Yes, Braves, taste it and eat it. Take a bite out of that pennant race sandwich and choke on it.

Then, of course, it went the other way. Wright makes an error. Niese doesn’t quite shake it off. He walks Hanson. BOOM! goes Infante with a double. BOOM! goes Heyward with a homer. BOOM! go the Braves with a six-run fourth.

Boom goes the dynamite sensation of deriving the slightest Sheadenfreude of doing in the Braves. The Braves weren’t done in at all. By the end of the evening they were 6-4 winners, hadn’t lost any ground to the Phillies and gained a little breathing room for the Wild Card. By the end of the same evening, having made the fatal mistake of not scheduling an entire month of visits from the Pirates, we had reverted to .500 and familiar form. With a chance to do lethal damage to somebody else’s chances, we served only as pennant race roadkill.

Fuck.

On a happier note, congratulations to Lucas Duda for briefly rising above his teammates’ torpidity and belting his first major league home run, making him — hopefully temporarily — the 71st member of Club Hessman, Mets with exactly one home run as Mets. After 40 at-bats, Duda has five hits as a Met, four of them for extra bases. His mentor in unbearably light top-heavy production, meanwhile, is currently 7-for-47, with four of his safeties accounting for more than one base.

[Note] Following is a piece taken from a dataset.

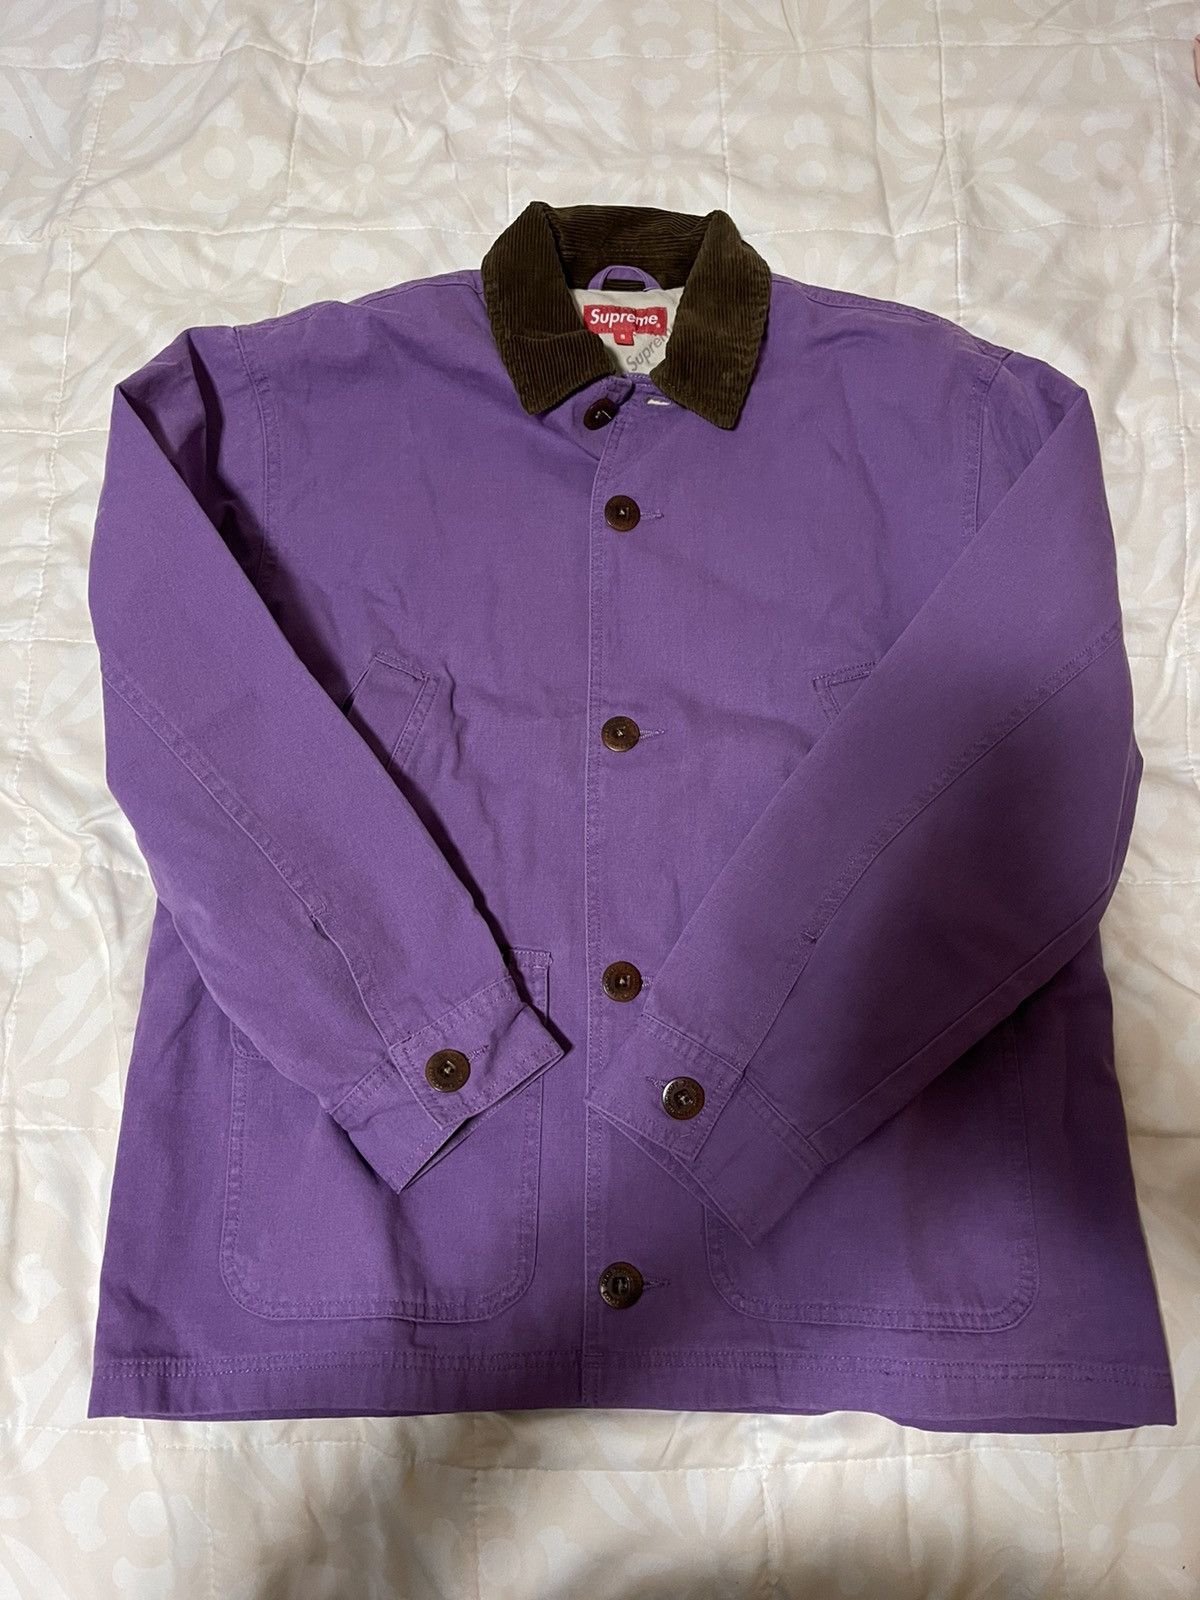 決算特価商品 supreme barn バーン Barn Supreme coat purple メンズ

Mike’s batting .149 with 19 strikeouts; Lucas is up to .125 with 11 whiffs. Some would say Duda is at last on the Interstate. I’m just glad the kid is no longer riding the O-29 bus.

3 comments to The Pennant Race: Just Visiting

  • Dr. K

    I know I’m just dreaming but…
    14 games to go. If we win out we would end up with an 88-74 record.
    Wouldn’t it be grand if ‘ol Gil was watching and guided the club through to the end of the 2010 season to commemorate a should-have-been Hall of Famer #14?

  • I was surprised Heyward’s home run didn’t knock down the Pepsi Porch. That thing was HIT.

  • eric b.

    “Fuck the Marlins in the face!”–best lines on this blog ever. Living here in South Florida allowed me to watch those games on “local TV” with the local announcers gloating and me vomiting in my mouth.